Der Apostel Johannes, wohl Jesu` liebster Freund, schrieb:
„Denn Gott hat seinen Sohn nicht in die Welt gesandt, dass er die Welt richte, sondern dass die Welt durch ihn gerettet werde(…) Das ist aber das Gericht, dass das Licht in die Welt gekommen ist, und die Menschen liebten die Finsternis mehr als das Licht, denn ihre Werke waren böse“.

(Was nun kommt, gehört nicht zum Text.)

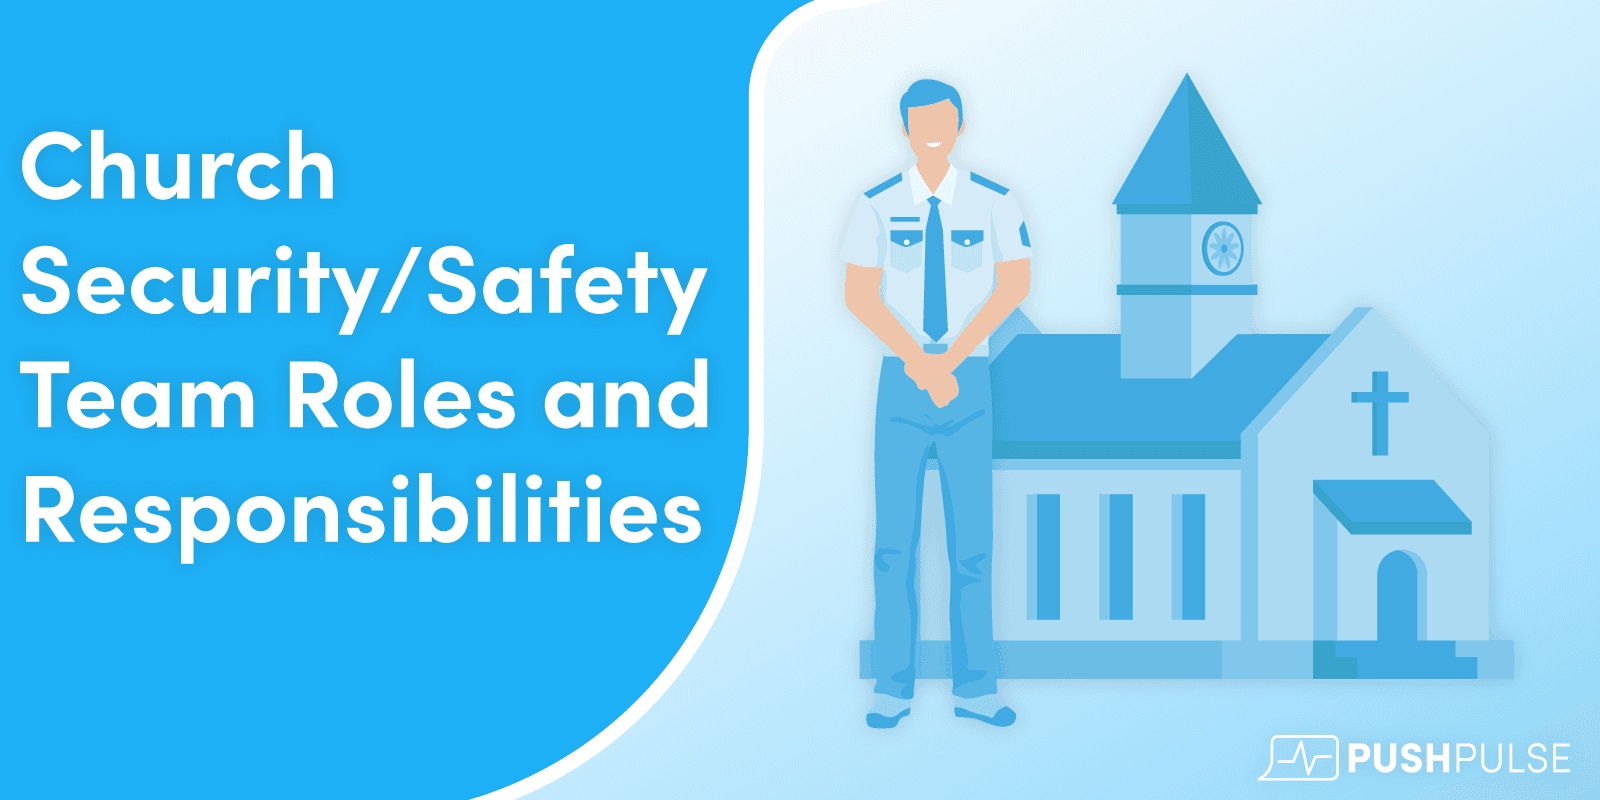 Cover Image for Church Security/Safety Team Roles and Responsibilities

Magdeburg Anno 1631. Was am 20. Mai 1631 in Magdeburg abspielte, gehört zu den dunkelsten Kapiteln der Menschheitsgeschichte schlechthin. Obiger Text entstammt einer Chronik des Magdeburger Bürgermeisters Otto Guericke(1602-86)
Magdeburg Anno 1945. Eine nahezu totale Vernichtung der Stadt durch alliierte Bombardements am 16. Januar 1945
Magdeburg Anno 2024. Unzählige trauernde und weinende Magdeburger wenige Tage vor Weihnachten, dem Tag, da die Geburt „des Lichts dieser Welt“ alle Jahre gefeiert wird.
„Die Menschen liebten die Finsternis…“
Warum DU? Warum immer wieder DU, oh Magdeburg?